Salon put out an article last weekend decrying the commandeering of Shakespeare by conservative think-tankers who believe that “Shakespeare offers future CEOs and business leaders the models they need to achieve ruthless success behind the veneer of ethical behavior.” While we at the ASC certainly believe that Shakespeare offers some lessons for leaders, the subjects of the article seem to have missed the mark and learned the wrong lessons. The article’s author, Chris MacDonald, does an excellent job analyzing where Shakespeare’s plays send messages that are conservative, liberal, or a little bit of both, pointing towards the concept that it’s not so easy to put him in one box, particularly since he does such a good job showcasing the vast spectrum of human experience. It got me thinking, though, about one element in Shakespeare’s plays that is resonating particularly loudly in this election year.
If Shakespeare has any consistent political message, it seems to be this: Beware the demagogue. Beware the one who tells you only what you want to hear. Beware someone who drives you towards chaos rather than towards construction. In a political climate where success seems to depend on little more than out-shouting one’s opponents, that’s a lesson we could all benefit from revisiting.
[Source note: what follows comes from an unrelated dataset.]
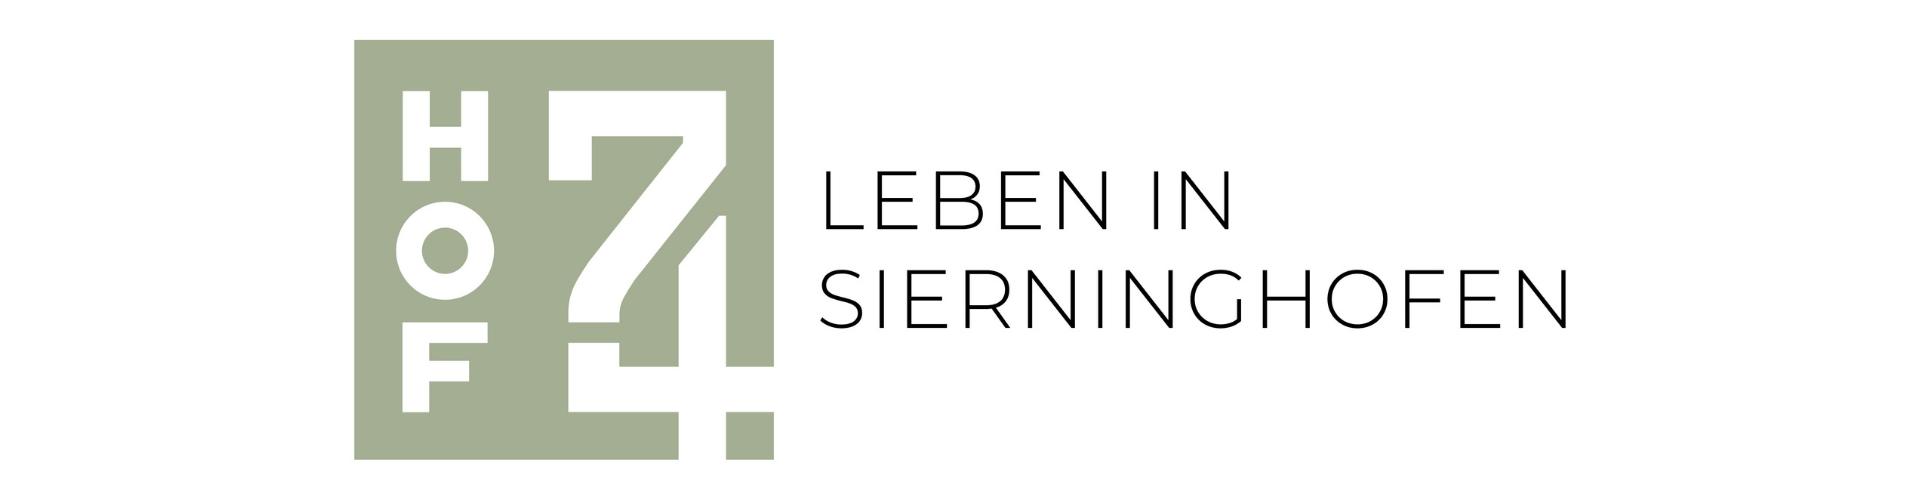 Titelbild Hof 74 Leben in Sierninghofen

Visitors to the Playhouse this fall will have the opportunity to see one of Shakespeare’s finest examples of populism gone horrible wrong in The Rise of Queen Margaret (Henry VI, Part 2), in the figure of Jack Cade. Though he claims he has noble heritage that entitles him to the crown, he appeals to the masses with promises that are so extravagant as to be ludicrous — but the crowd heartily cheers them:
There shall be in England seven halfpenny loaves sold for a penny: the three-hooped pot shall have ten hoops; and I will make it felony to drink small beer: all the realm shall be in common… There shall be no money; all shall eat and drink on my score…
I charge and command that, of the city’s cost, the pissing-conduit run nothing but claret wine this first year of our reign.
This would all be laughable if not for the fact that Cade’s followers take him seriously. His promises are ludicrous, and he has no plan for their implementation — he just assumes that, once he’s in power, he can do as he likes. Unfortunately, Cade’s influence shows what can happen when this fervor spins out of control. His supporters quickly turn violent, with the famous and almost-always-removed-from-context cry to “Kill all the lawyers.” Cade’s response is alarming because it uses the sort of logical fallacy that modern politicians also employ when they hope to make something absurd, offensive, or dangerous seem rational:
That I mean to do. Is not this a lamentable thing, that of the skin of an innocent lamb should be made parchment? that parchment, being scribbled o’er, should undo a man? Some say the bee stings: but I say, ’tis the bee’s wax; for I did but seal once to a thing, and I was never mine own man since.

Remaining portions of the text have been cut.